Hypothesis of opposite interplay between the canonical wnt/beta-catenin pathway and ppar gamma in primary central nervous system lymphomas

Abstract

Primary central nervous system lymphomas (PCNSLs) are angiocentric neoplasia which present dense monoclonal lymphocyte proliferation, and occur in brain parenchyma in 90% of the cases. Activated B-cell like Diffuse Large B-cell Lymphoma (ABC-DLBCL) subtype represents more than 90% of PCNSLs and is the most aggressive subtype with a cure rate of only 40%. One of the characteristics of ABC-DLBCL subtype is neuroinflammation through the activation of NF-kappaB pathway. c-Myc alterations and protein expression have been shown in aggressive DLBCL. c-Myc is considered as a key prognostic and predictive biomarker for survival in DLBCL, its expression is associated with worst survival rates. Although mRNA of c-Myc is increased by low levels gains of c-Myc, several studies have shown that c-Myc protein expression i s overexpressed without c-Myc abnormalities.
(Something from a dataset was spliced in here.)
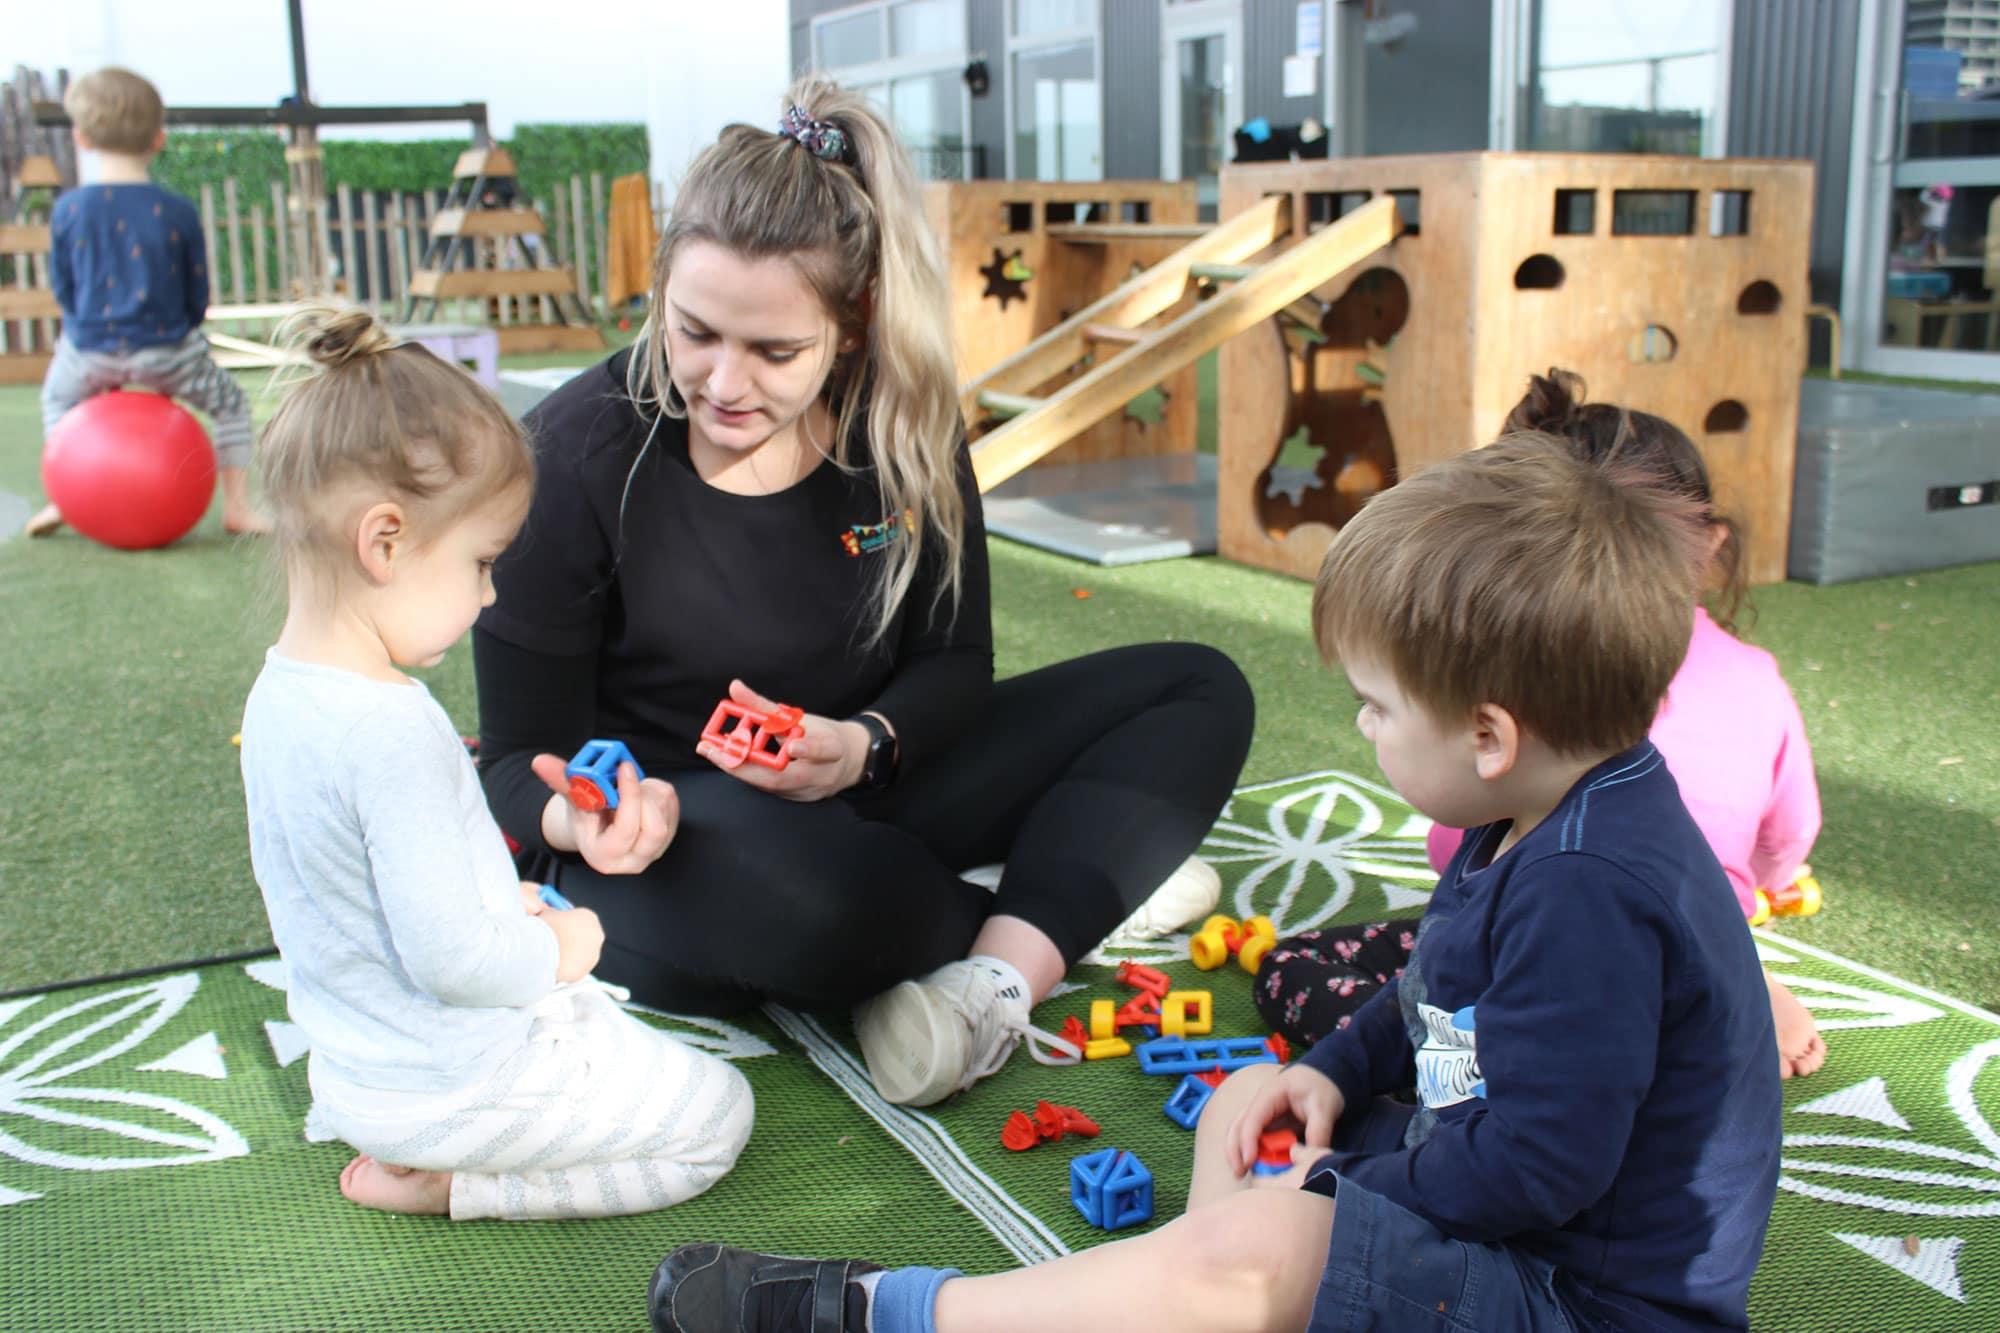 Tayla Kennerley - Early Childhood Teacher in Training

These high levels of c-Myc protein in DLBCL without genetic abnormalities suggest that c-Myc protein expression may be also increased by other mechanisms or signaling pathways which regulate its expression. In PCNSLs, the canonical WNT/betacatenin pathway is upregulated while PPAR gamma is downregulated. The opposite interplay between WNT/beta-catenin pathway and PPAR gamma is reviewed here. Activation of WNT/beta-catenin pathway leads to the transcription of genes involved in cell proliferation, mitochondrial metabolism, protein synthesis, and tumor growth, such as c-Myc. PPAR gamma agonists induce the inhibition of several signaling pathways such as NF-kappaB, STAT, PI3K/Akt and WNT/beta-catenin pathway. Activation of PPAR gamma agonists may have a major negative key role in the regulation of PCNSLs progression.